11:27AM EDT - First Session of Day 2 is on FPGAs, with Intel's 10nm Agilex up first

11:27AM EDT - I saw one last year at a Stratix 10 briefing

11:30AM EDT - And here we go, presentation about to begin

11:31AM EDT - Ralph Wittig from Xilinx is the session chair

11:32AM EDT - Agilex is Intel's first in-house FPGA

11:32AM EDT - customized 10nm process

11:32AM EDT - 40% higher perf, 40% lower power, compared to Stratix

11:32AM EDT - Supports up to 116 Gbps

11:33AM EDT - Variants will support CXL, DDR4/DDR5, HBM2e and Optane

11:33AM EDT - Agilex is the Spatial component in its strategy - also supports OneAPI

11:33AM EDT - Second gen EMIB

11:33AM EDT - Disaggregated transceivers and HBM tiles

11:34AM EDT - Meets specific customer needs

11:34AM EDT - Programming logic is kept monolithic

11:34AM EDT - Floorplan has improved

11:34AM EDT - Smooth fabric grid without I/O disruptions

11:34AM EDT - No notches in the fabric

11:35AM EDT - Arm processor complex has been moved to the corners to eliminate those notches

11:35AM EDT - Rectangular fabric simplifies customer routing

11:35AM EDT - Identical resourcing across the fabric

11:35AM EDT - Quad Arm A53 sub-system, ECC L1/L2 with snoop control

11:36AM EDT - Secure Device Manager, triple redundant hard processor, crypto, SEU events, device boot order

11:36AM EDT - Memory and GPIO

11:36AM EDT - Up to 8TB support with HBM2e

11:36AM EDT - *Up to 8TB with Optane, HBM2e is separate

11:36AM EDT - EMIB bridges are 'AIB'

11:37AM EDT - Five types of tiles for Agilex

11:37AM EDT - Trancievers, PCIe 4, PCIe 5, Ethernet, CXL

11:37AM EDT - Uses Intel's standard 10nm process with customizations

11:37AM EDT - Metal stack improvments

11:38AM EDT - wider poly pitch, Vt tuning, custom layouts and dummy fill enhancements

11:38AM EDT - Each fabric sector has columns of logic and memory

11:38AM EDT - Logic speed +50%

11:38AM EDT - BF16, FP19, FP16, INT8 increased throughput

11:39AM EDT - Programmable clock delays

11:39AM EDT - Hyperflex ties all the blocks together

11:40AM EDT - Old - Mux -> Buffer -> Signal across columns.
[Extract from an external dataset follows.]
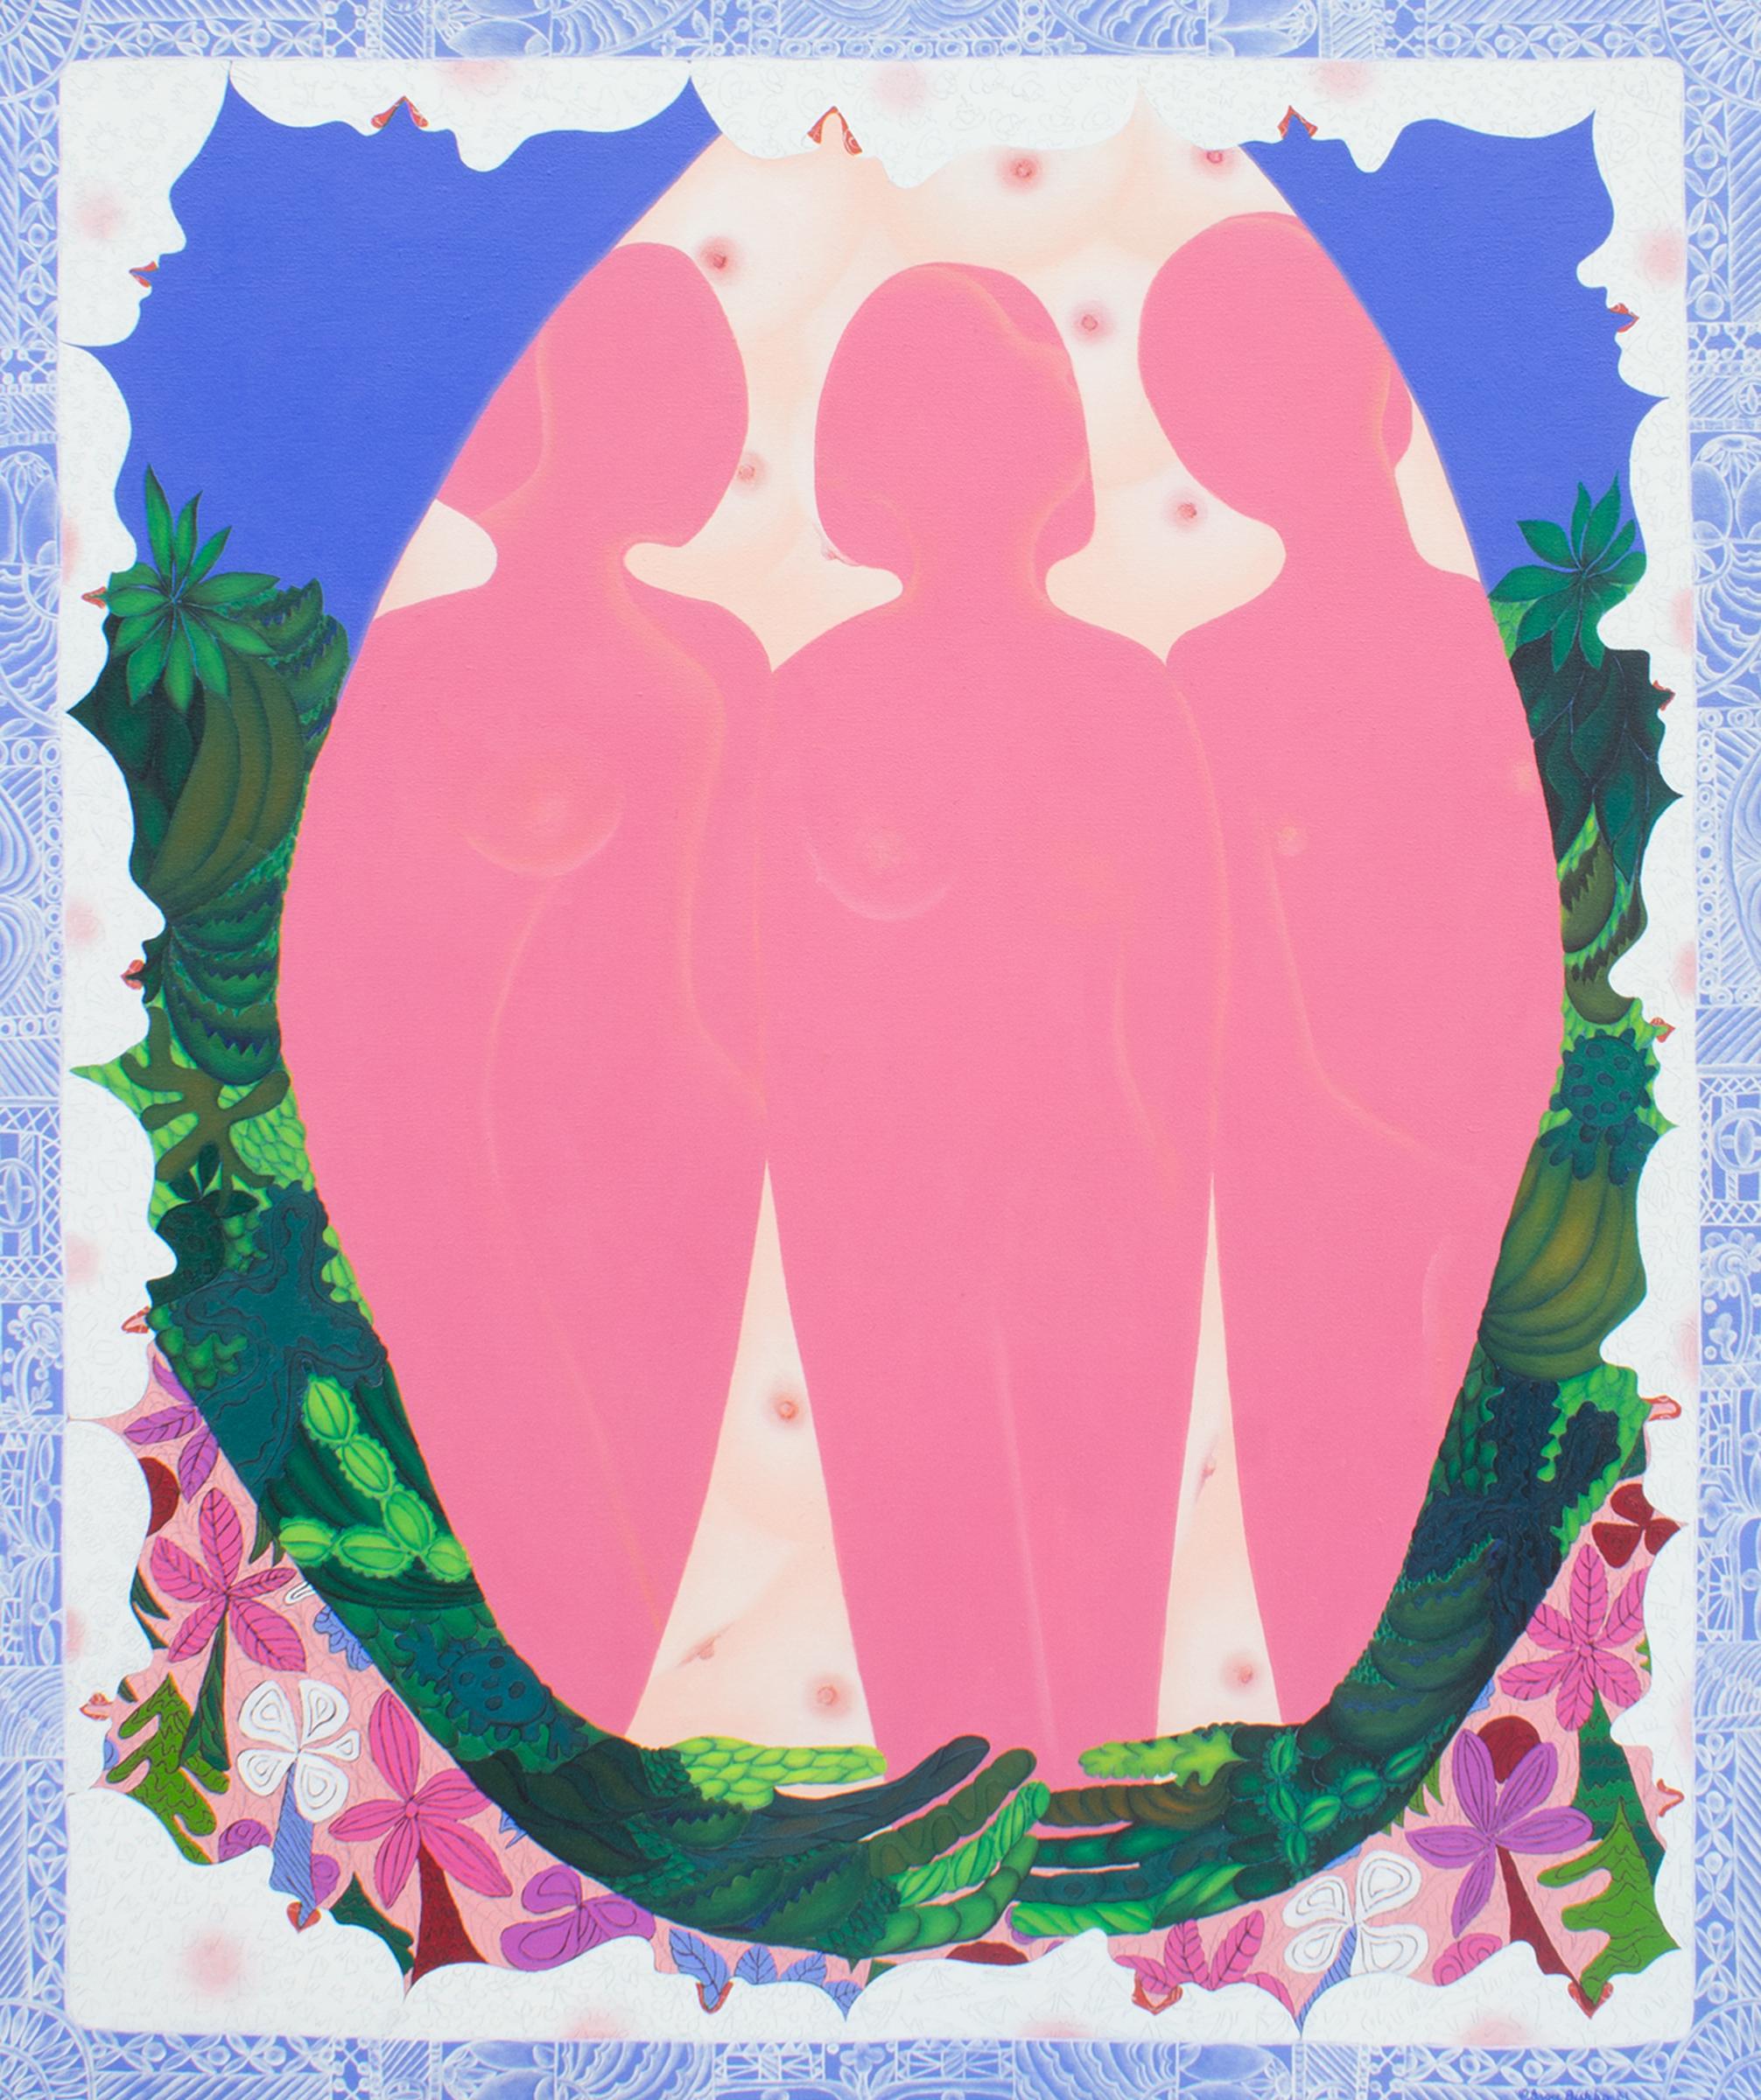 Peinture à l'huile sur toile de 1981 de l'artiste américaine Grace Bishko. Intitulée Mother Ego and Her Pressure Cooker, cette peinture vibrante représente trois figures féminines roses au centre entourées de deux bras formés d'un ciel en haut et

Fan out to other muxes. High FI/FO didn't scale to 10nm

11:40AM EDT - Now narrow low fan out muxes and redesigned routing pattern

11:40AM EDT - C4 routing delay has a big improvement

11:41AM EDT - Agilex has repartitioned crossbar, allows suppor of narrower faster muxes

11:41AM EDT - 2.5x faster vs stratix10 crossbar delay

11:42AM EDT - 40%+ geomean Fmax improvement

11:42AM EDT - Using same code as Stratix without any change

11:43AM EDT - Comparing GX1100 with Agilex AGF014

11:43AM EDT - Five tile types

11:43AM EDT - New R-Tile for Agilex - PCIe5 and CXL

11:43AM EDT - 16 lanes of 32 Gbps NRZ per tile

11:44AM EDT - Full support for CXL 1/2/3 configs

11:44AM EDT - F-Tile is high speed networking

11:44AM EDT - Two groups of transceiver PHYs

11:44AM EDT - Up to 116G

11:45AM EDT - Bifurcatable up to 400 GbE

11:45AM EDT - PCIe 4 x16

11:46AM EDT - 1e-7 BER in 116G, two order of magnitudes better than the standard requires

11:46AM EDT - Different Agilex families

11:47AM EDT - F-Series, I-Series, M-Series. The images at the beginning of the blog was F-Series

11:48AM EDT - Now to software and OneAPI

11:48AM EDT - Programmable registers at every stage

11:48AM EDT - ASIC-style clocking architecture

11:48AM EDT - Quartus software co-designed with the hardware

11:49AM EDT - Quartus has been revamped to be timing-centric

11:49AM EDT - Accurate delays without rerouting connections

11:49AM EDT - Additional Fmax unlocks

11:50AM EDT - Retiming aware that can fix critical paths

11:50AM EDT - Design specific clock routing

11:51AM EDT - Sequential circuit optimization technique for Fmax

11:52AM EDT - This is a bit over my head. Hope you're getting something out of this :)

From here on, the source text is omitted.